WORK TO COMPLETE => Everything in the listing must be repeated exactly, apart from the images.

DATA BELOW =>
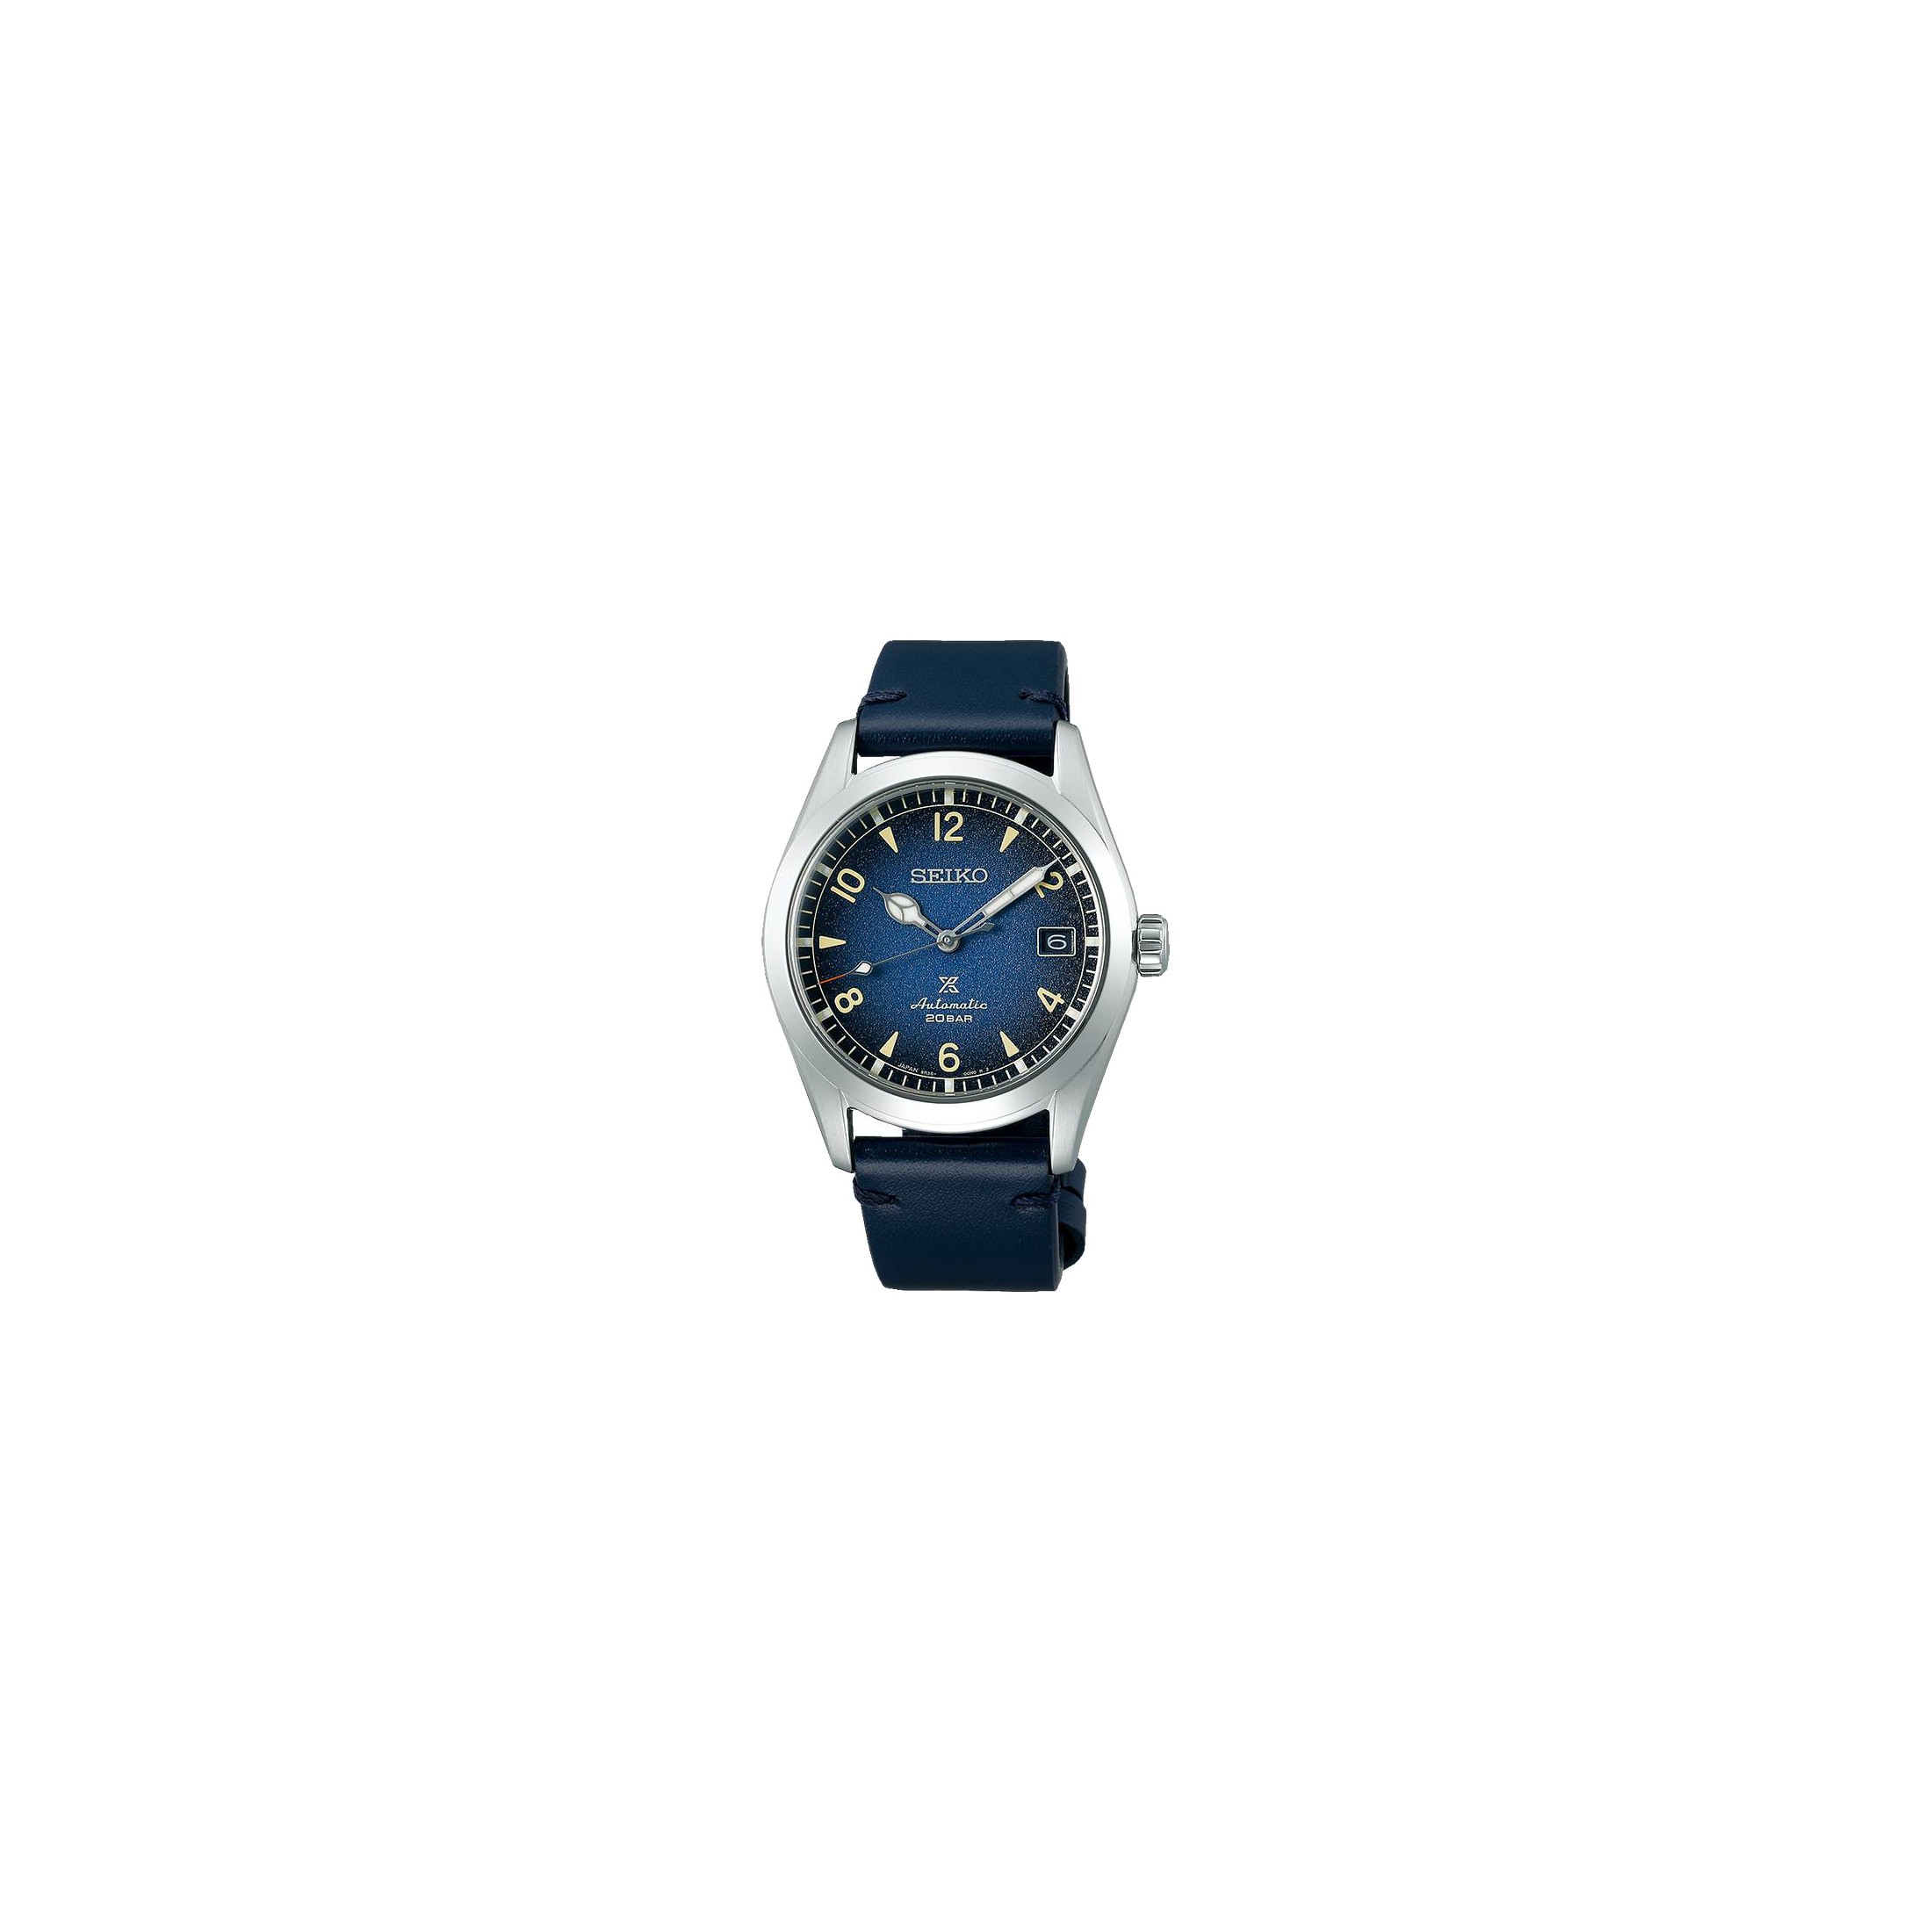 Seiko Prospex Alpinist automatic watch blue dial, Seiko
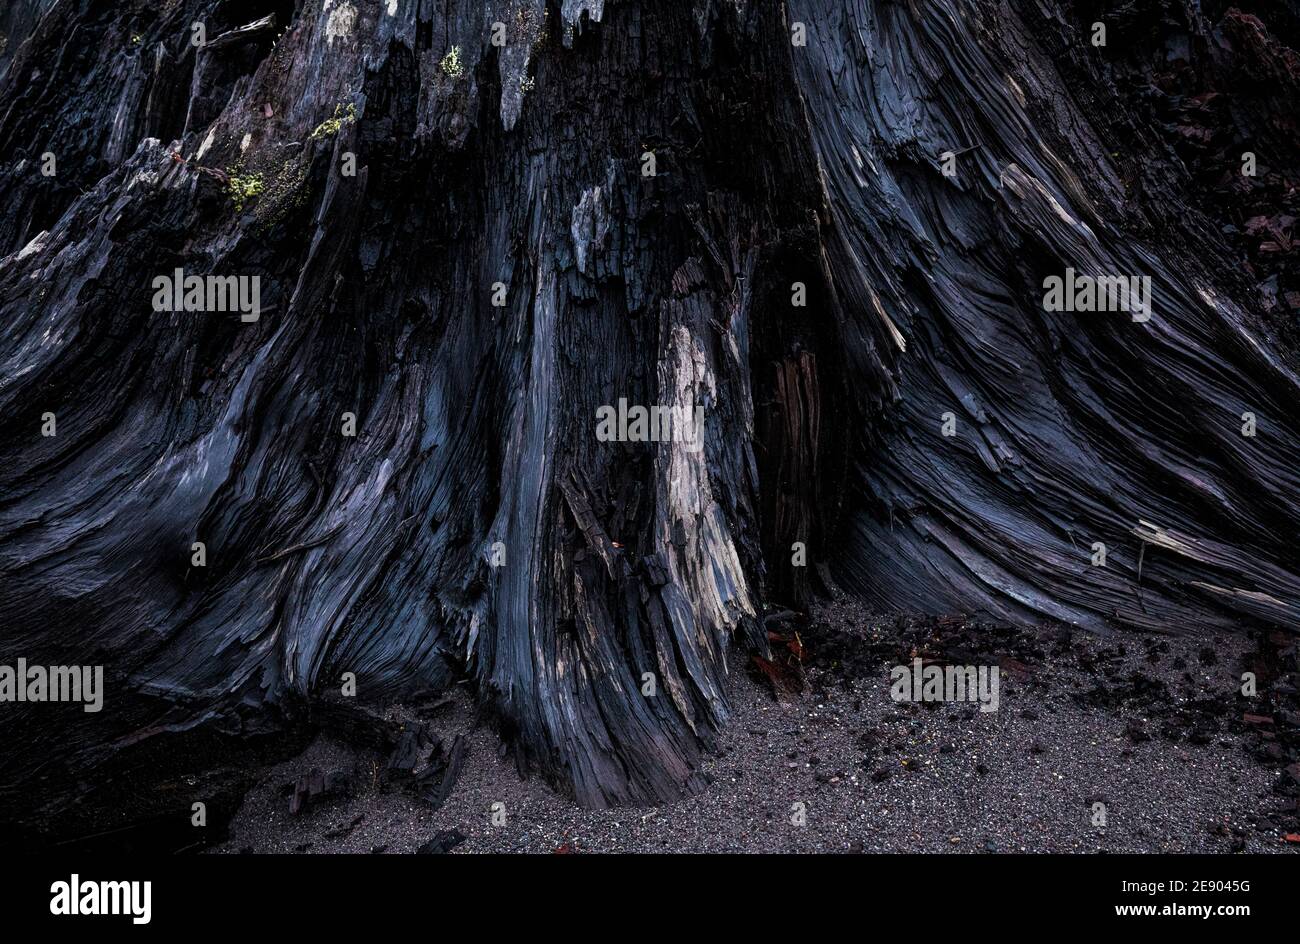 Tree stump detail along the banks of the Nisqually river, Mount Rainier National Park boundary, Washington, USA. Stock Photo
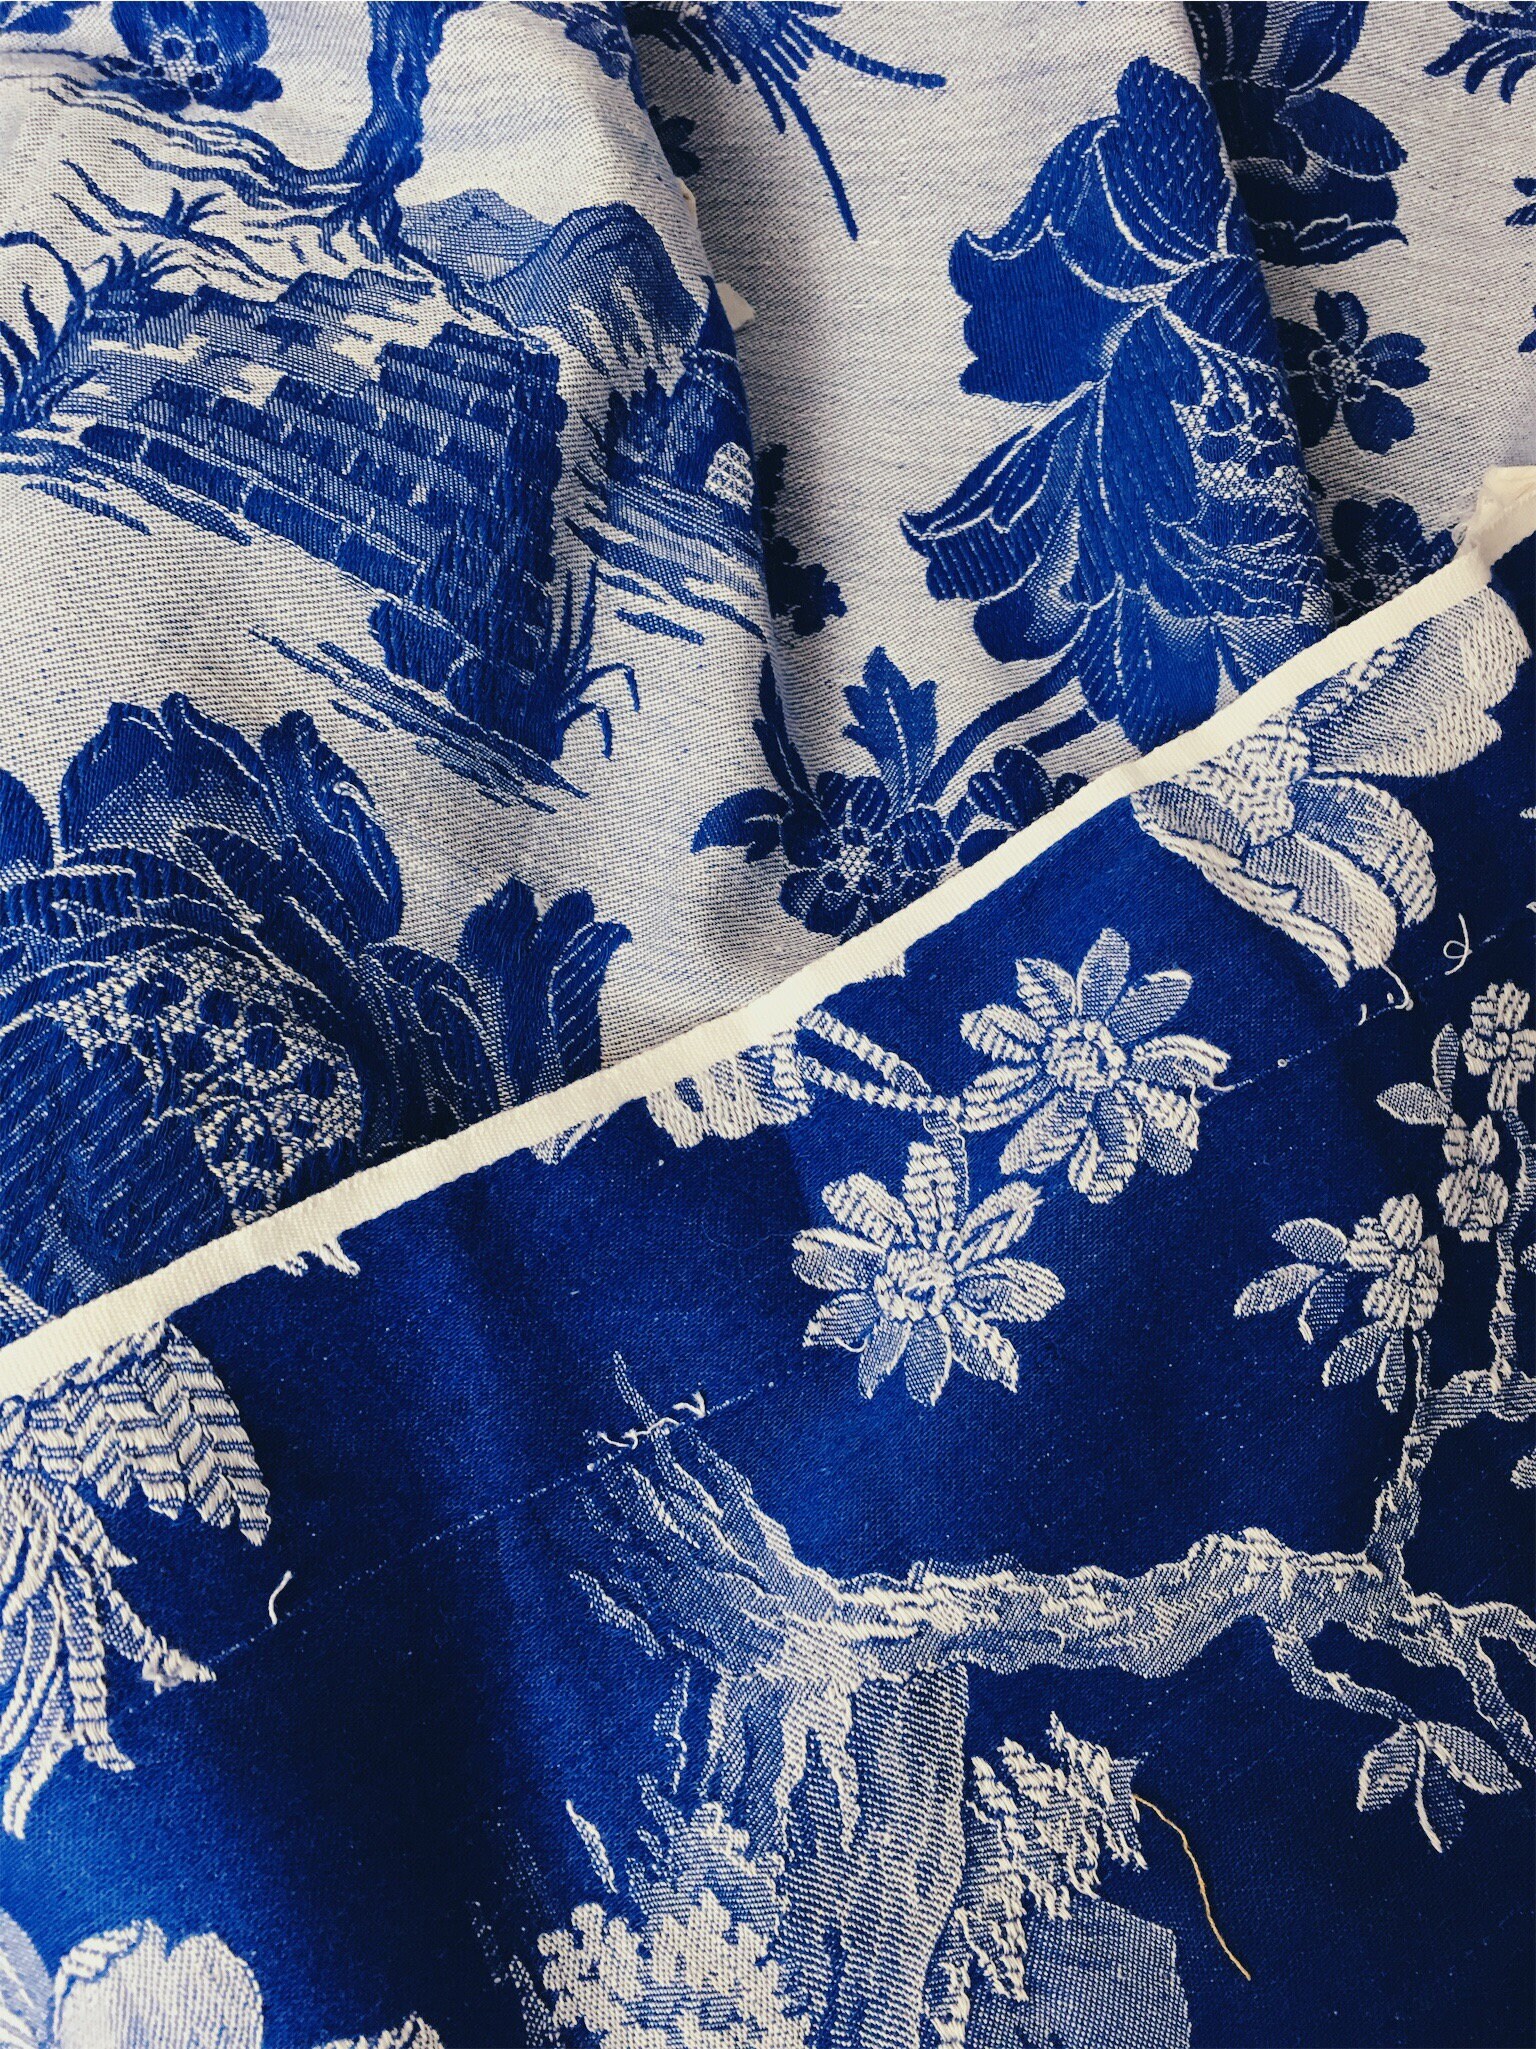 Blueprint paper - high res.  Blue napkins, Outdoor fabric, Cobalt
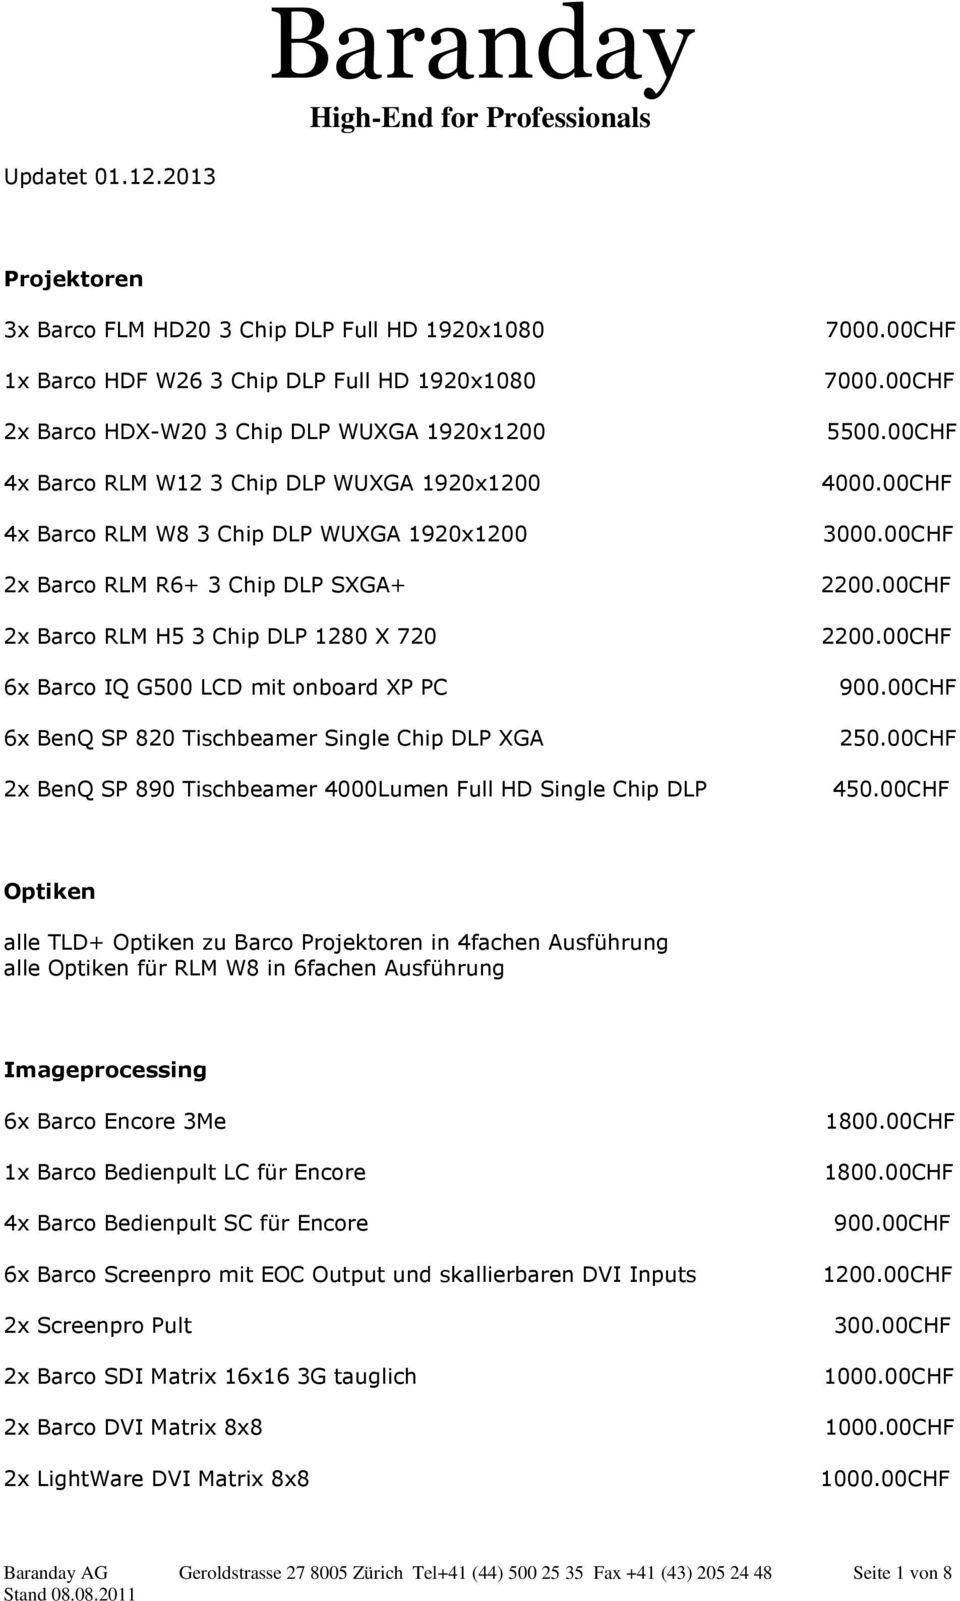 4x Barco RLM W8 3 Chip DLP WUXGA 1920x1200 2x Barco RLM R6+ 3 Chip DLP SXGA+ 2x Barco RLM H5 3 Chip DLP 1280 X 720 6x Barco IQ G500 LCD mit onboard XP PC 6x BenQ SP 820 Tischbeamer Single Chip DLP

ANSWER BOX =>
 Seiko Prospex Alpinist automatic watch blue dial, Seiko
 Tree stump detail along the banks of the Nisqually river, Mount Rainier National Park boundary, Washington, USA. Stock Photo
 Blueprint paper - high res.  Blue napkins, Outdoor fabric, Cobalt
 4x Barco RLM W8 3 Chip DLP WUXGA 1920x1200 2x Barco RLM R6+ 3 Chip DLP SXGA+ 2x Barco RLM H5 3 Chip DLP 1280 X 720 6x Barco IQ G500 LCD mit onboard XP PC 6x BenQ SP 820 Tischbeamer Single Chip DLP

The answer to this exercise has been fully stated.